|
– Я хочу пить, очень.
– Потом.
Они выходят из комнаты, и, когда дверь за ними закрывается, кажется, что их тут никогда не было. Как будто ушли четыре привидения. Вдруг дверь снова открывается, и один – тот, в ком заметна негритянская кровь, смуглее остальных, – протягивает ей стакан, до краев полный воды. Он протягивает его тебе и улыбается.
– Я добрее. Особенно с женщинами. Но должен сказать, что мой приятель еле сдерживается, и я не знаю, насколько его хватит. Так что послушай моего совета: давай закончим это дело побыстрее. Если мужики еле выдерживают, то представь, каково будет женщине. Не заставляй нас передавать тебя в другие руки: сейчас ты среди своих, но потом придут другие, и тогда ты почувствуешь разницу.

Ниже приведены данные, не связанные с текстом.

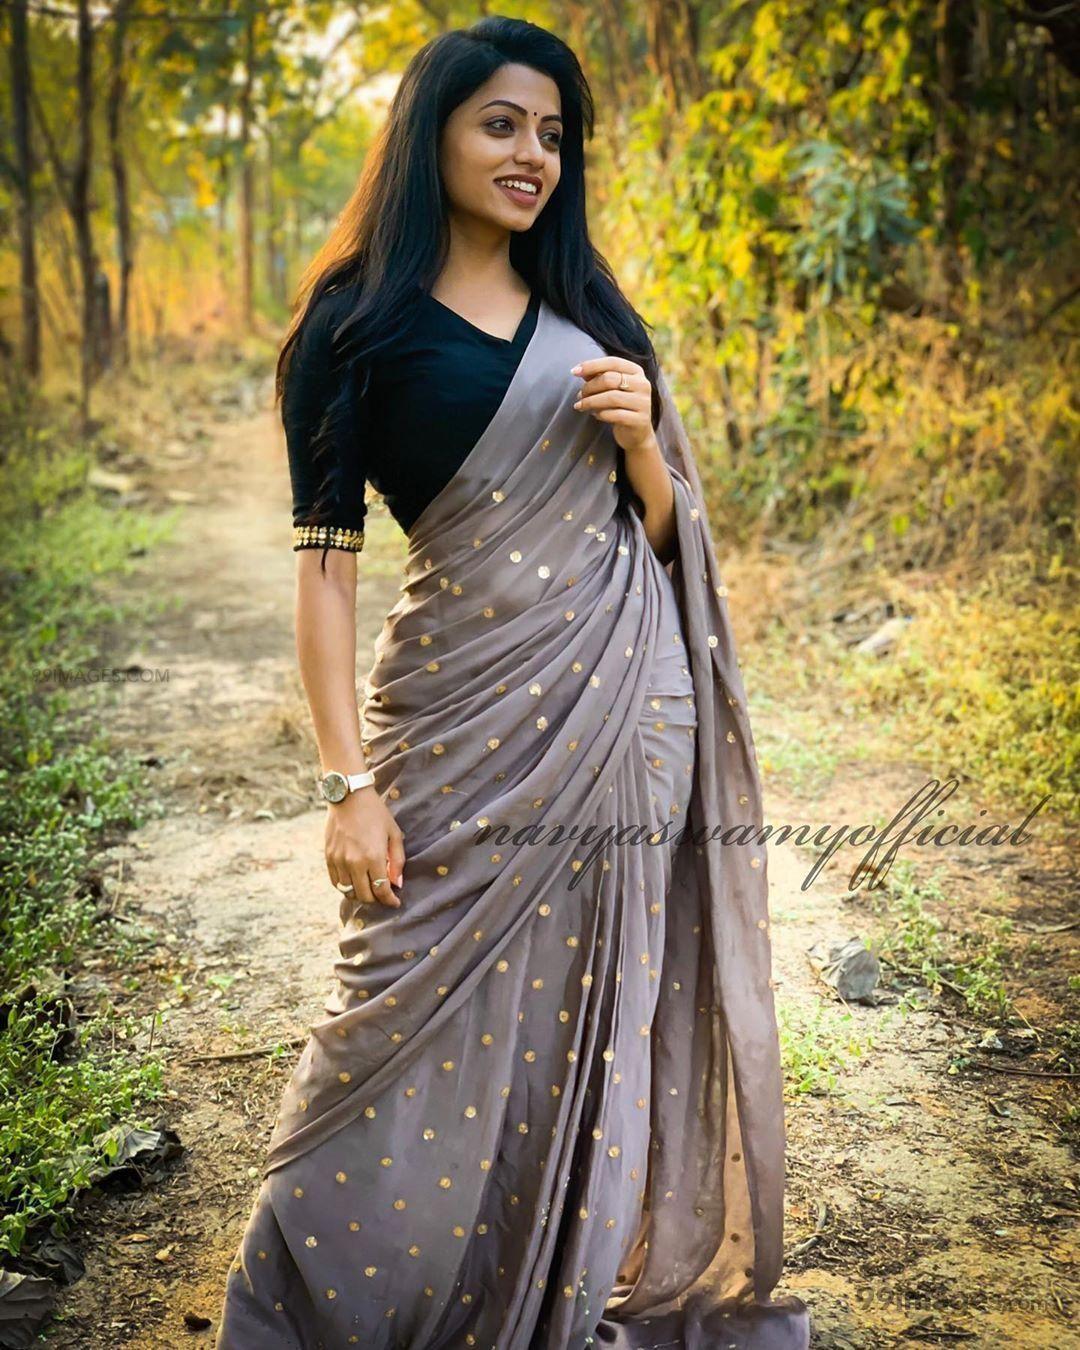 🔥 Indian Girl In Saree HD PNG Images Download | CBEditz

Ты перестаешь пить и с неподдельным изумлением спрашиваешь, кто они такие, эти другие. Но ответа нет – только пустой взгляд.
– Мне вам нечего сказать. Мне задают совершенно бессмысленные вопросы. Все мои встречи связаны с моей научной работой: это профессора, люди, знавшие Галиндеса, – с ними любой может связаться, и вы в том числе.
Мужчина разочарованно качает головой:
– Жаль. Я хотел дать тебе шанс.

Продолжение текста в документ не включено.